→ REQUIRED WORK:
Transcribe the whole listing exactly; the images stay out.

→ THE DATA:
- - - - -

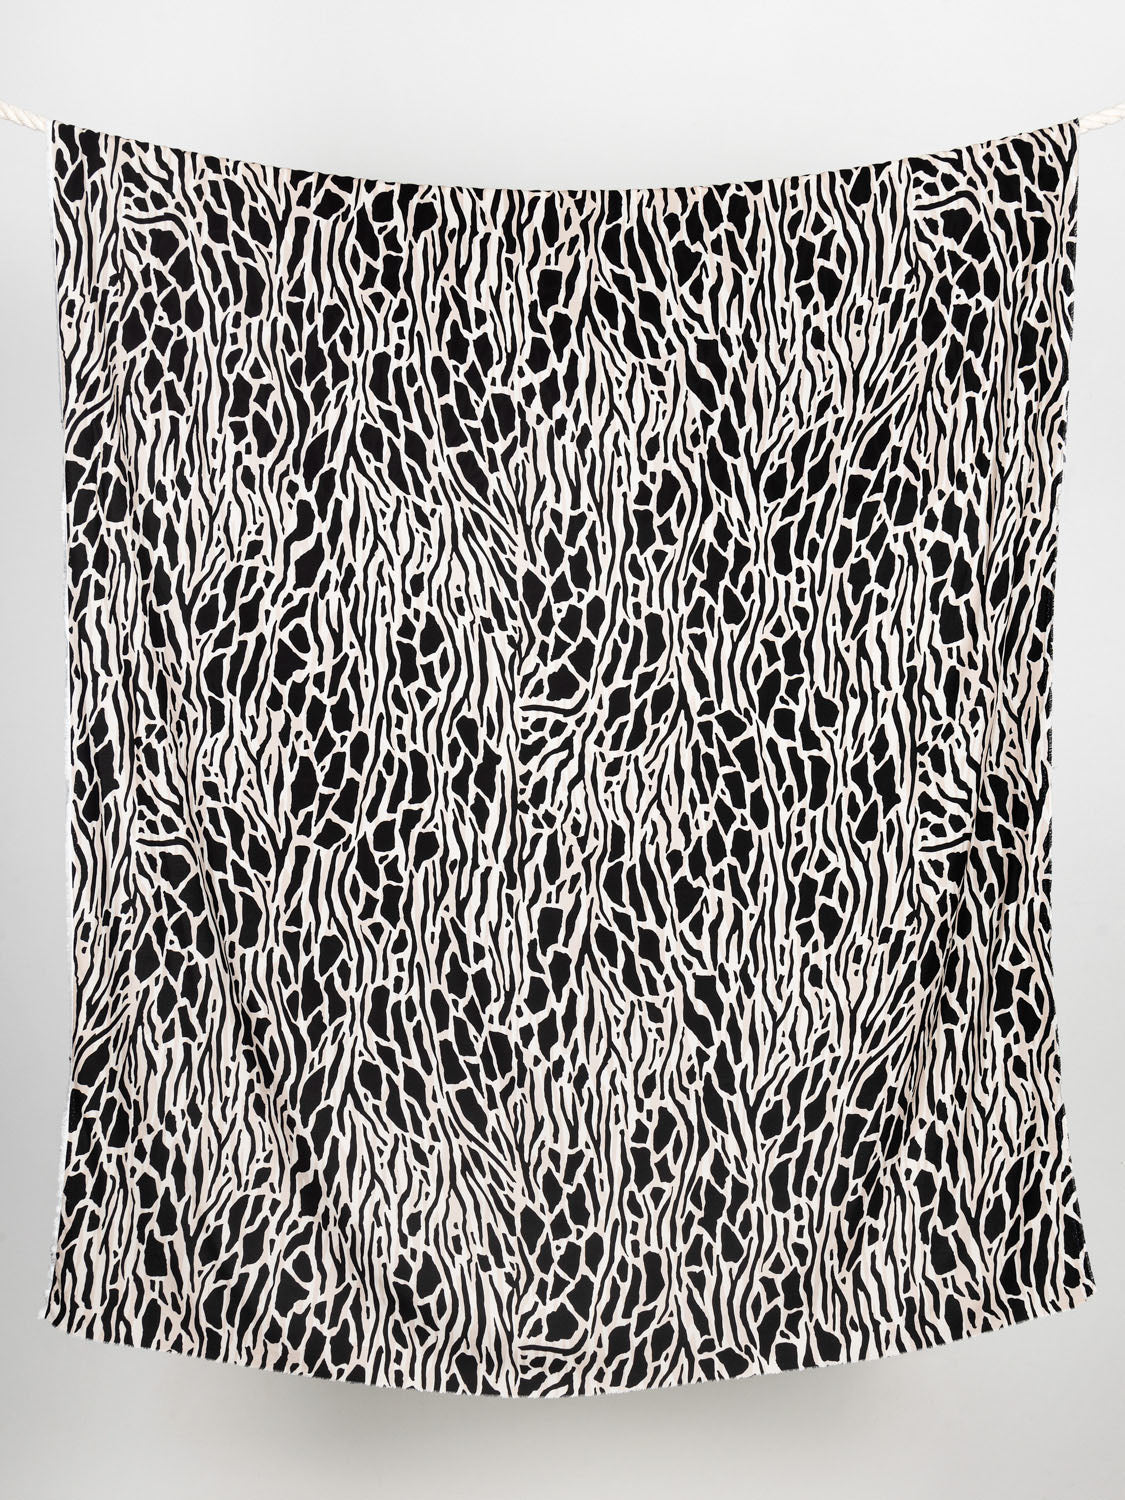 Zebra animal print fabric in black and grey . Linen & Cotton blend
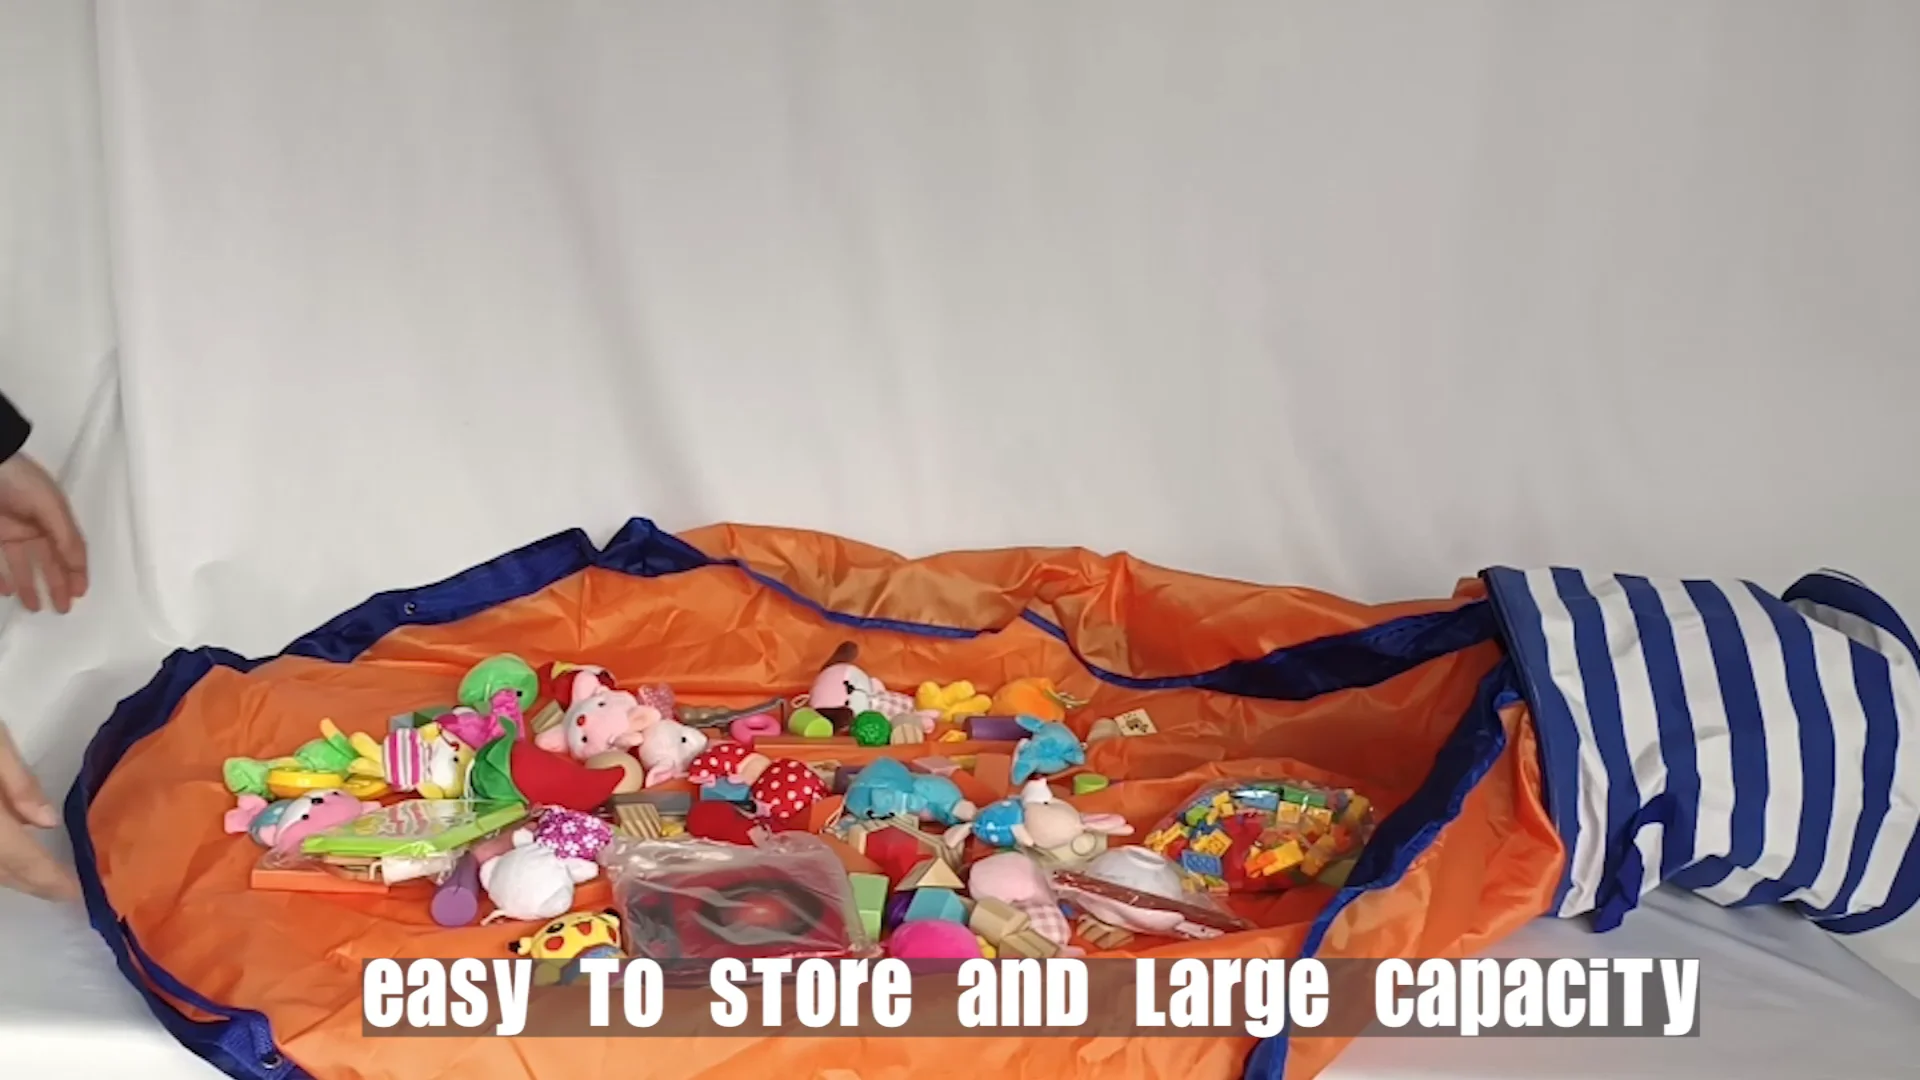 Toy Storage Bag Play Mat Lego  Bag Building Blocks Toy Storage - 1.5m  Children's Toy - Aliexpress
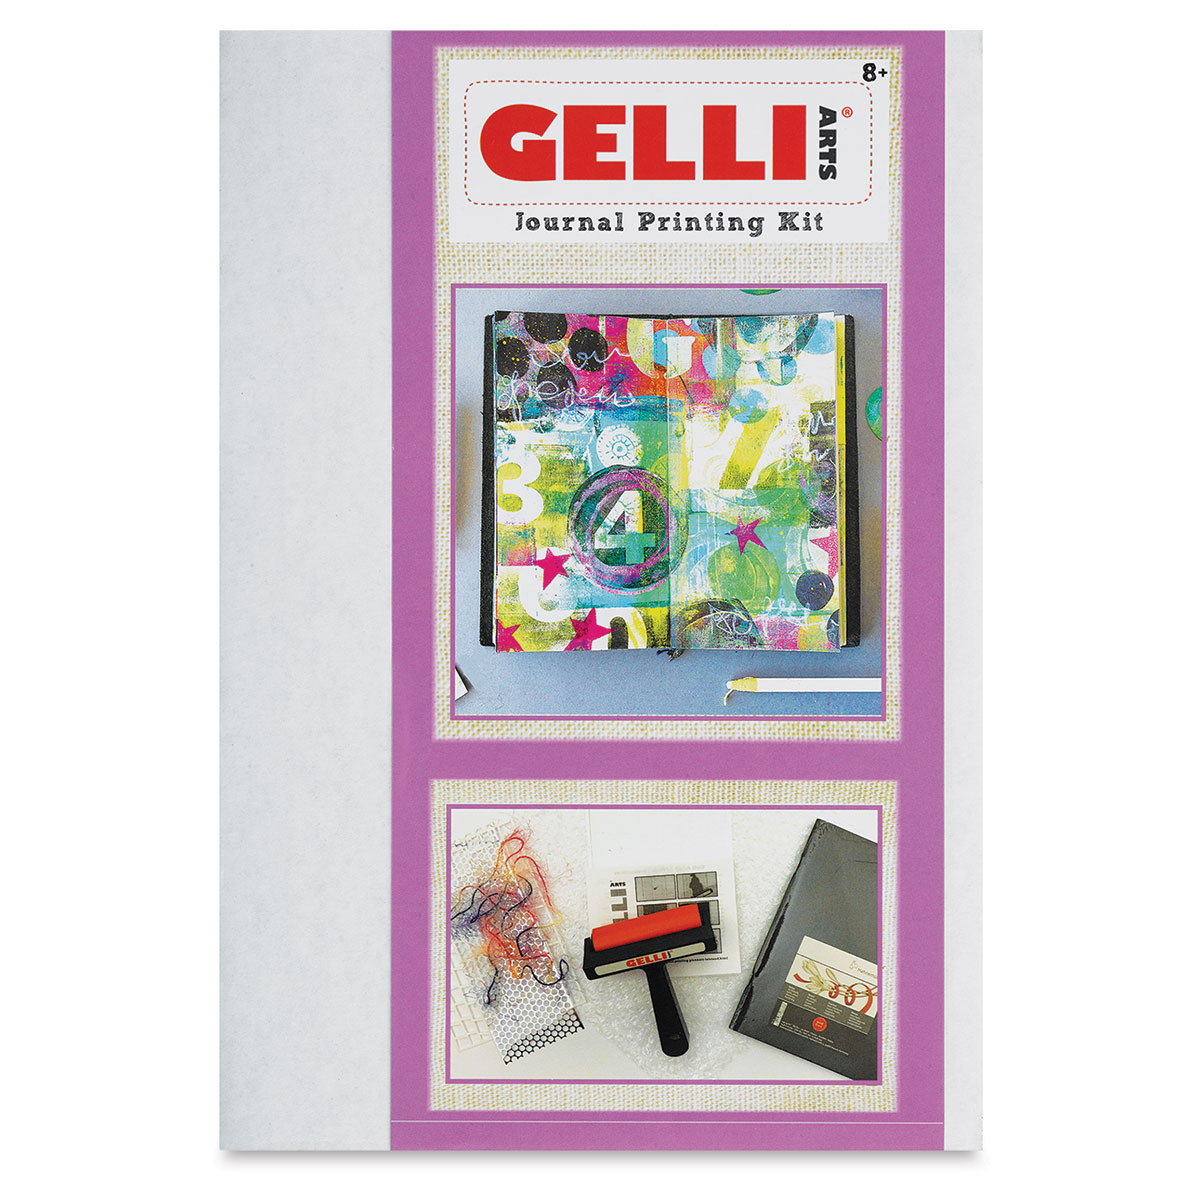 GELLI ARTS STAMPING AND PRINTING KIT - PRINTING AND EMBOSSING KIT
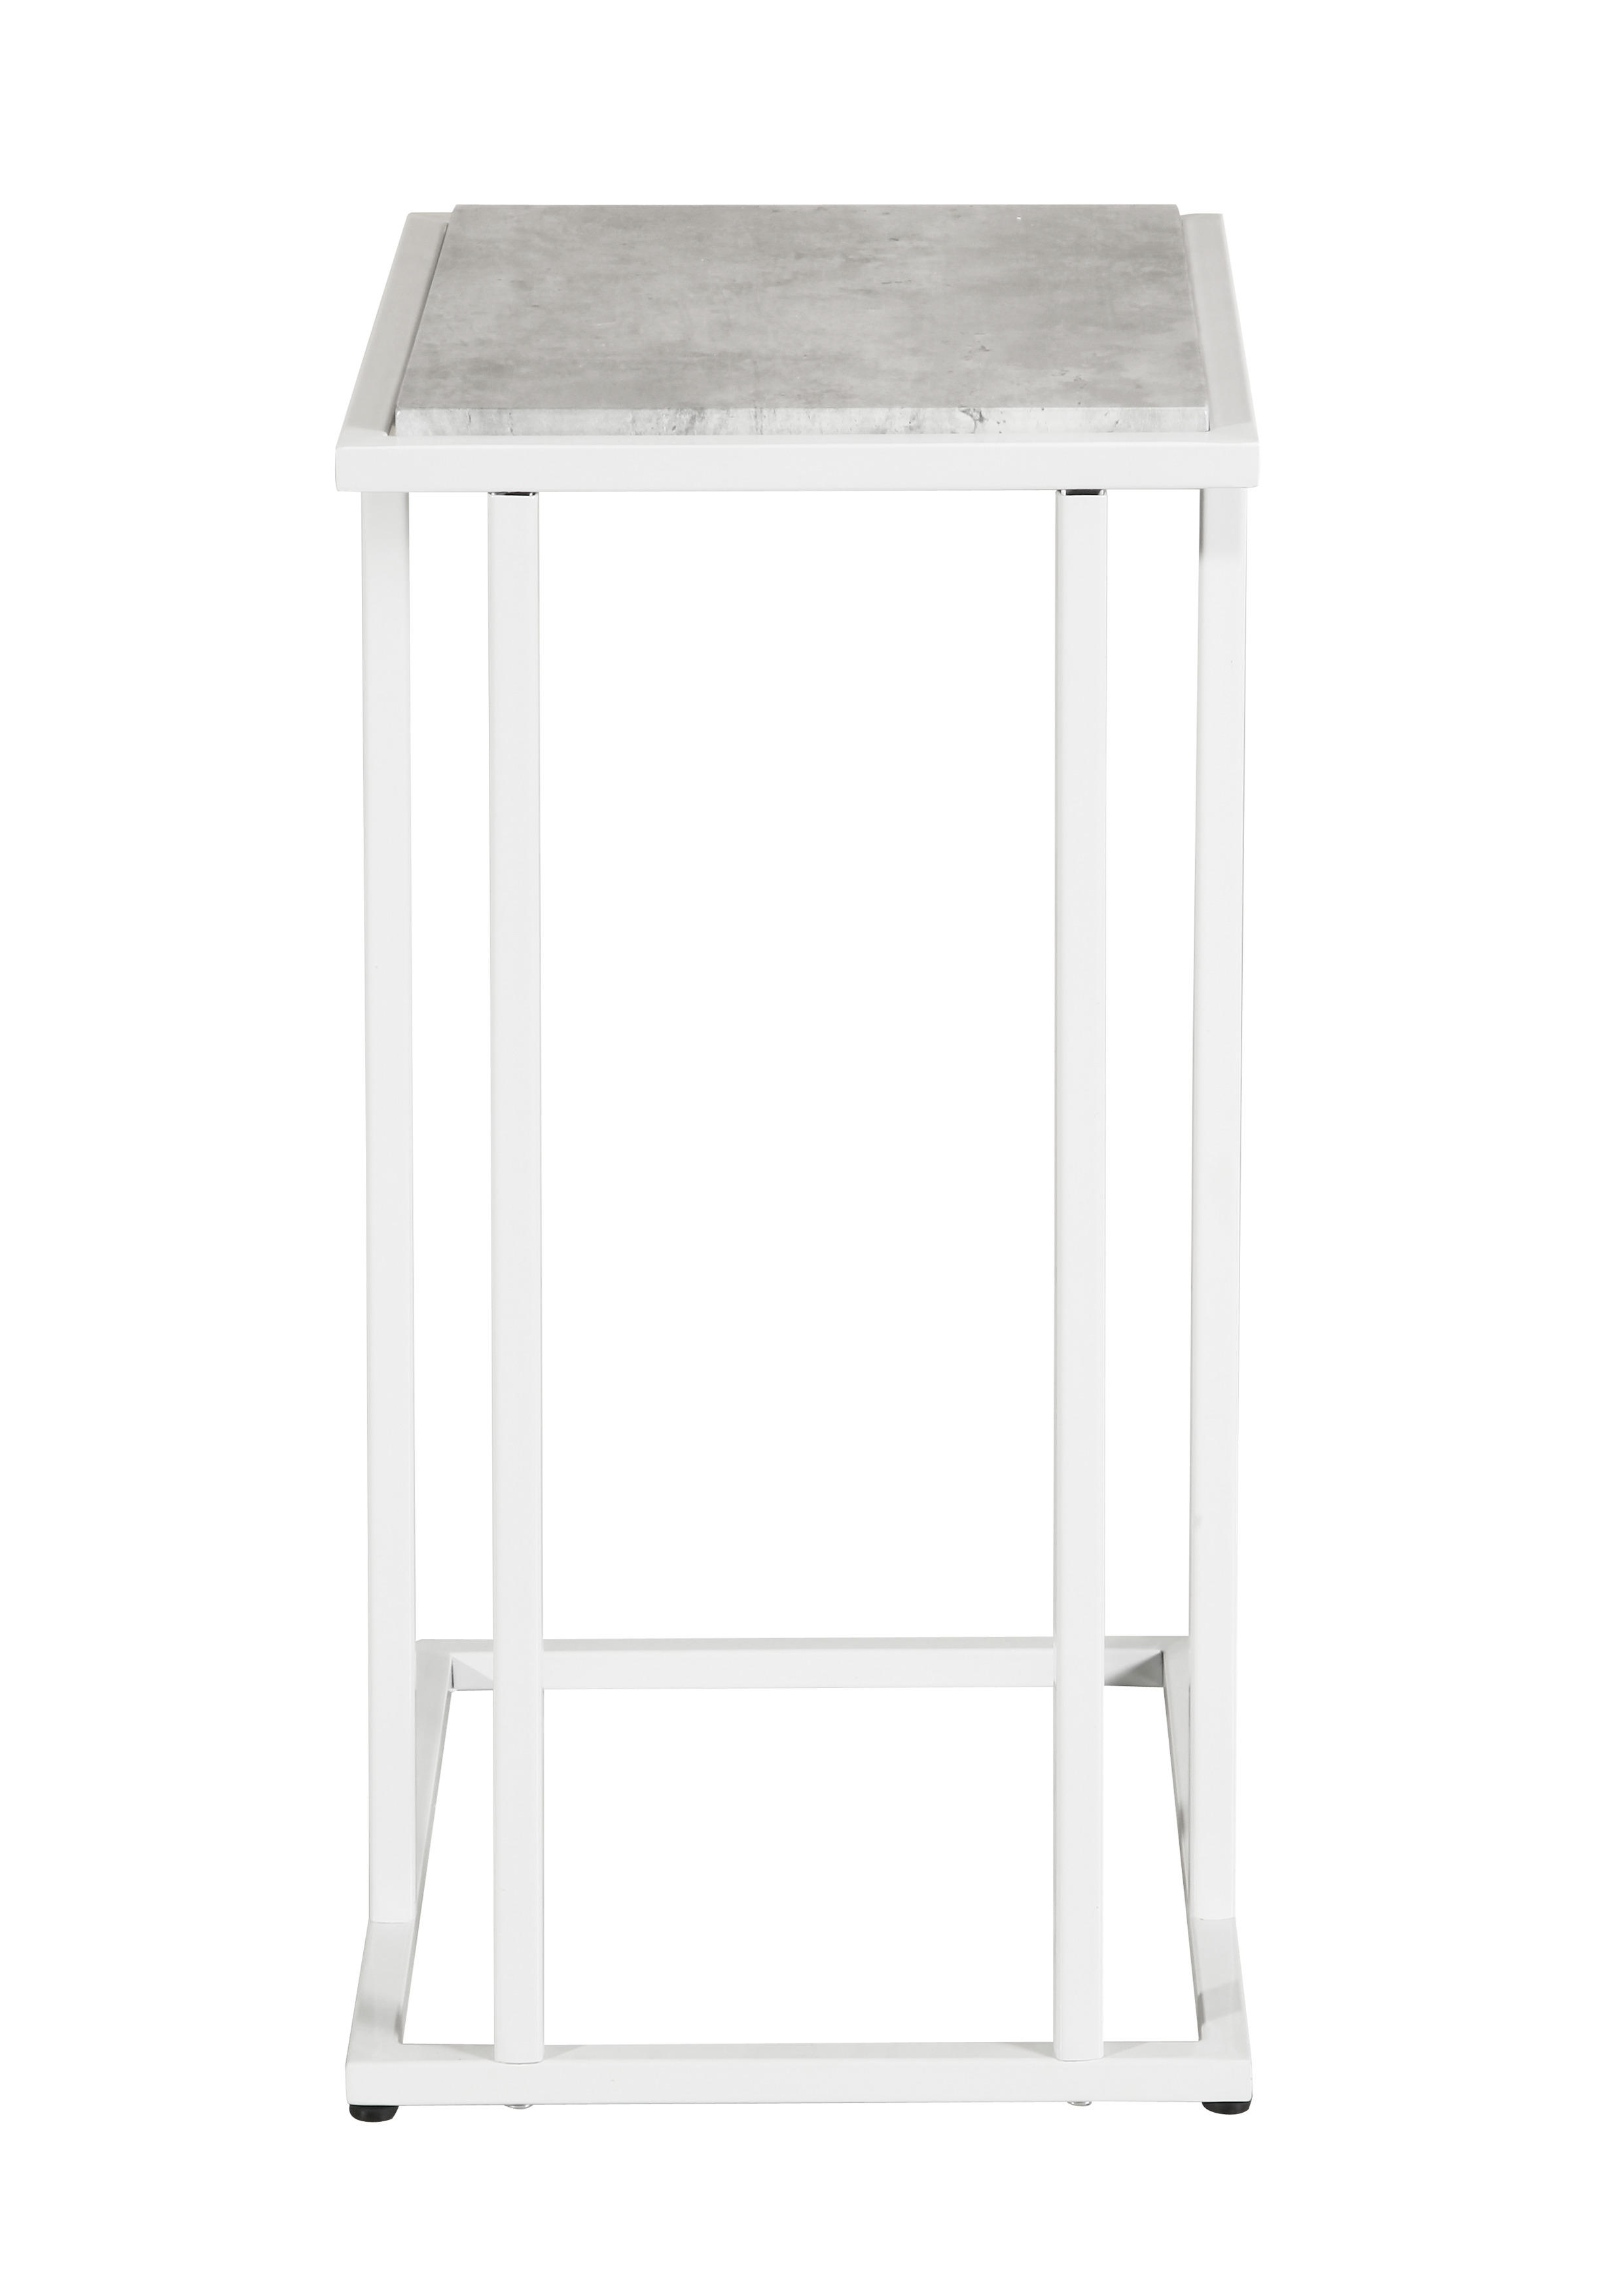 BEISTELLTISCH rechteckig Grau, Weiß  - Weiß/Grau, Design, Metall (40/30/60cm) - Carryhome

- - - - -

→ TASK ANSWER:
 Zebra animal print fabric in black and grey . Linen & Cotton blend
 Toy Storage Bag Play Mat Lego  Bag Building Blocks Toy Storage - 1.5m  Children's Toy - Aliexpress
 GELLI ARTS STAMPING AND PRINTING KIT - PRINTING AND EMBOSSING KIT
 BEISTELLTISCH rechteckig Grau, Weiß  - Weiß/Grau, Design, Metall (40/30/60cm) - Carryhome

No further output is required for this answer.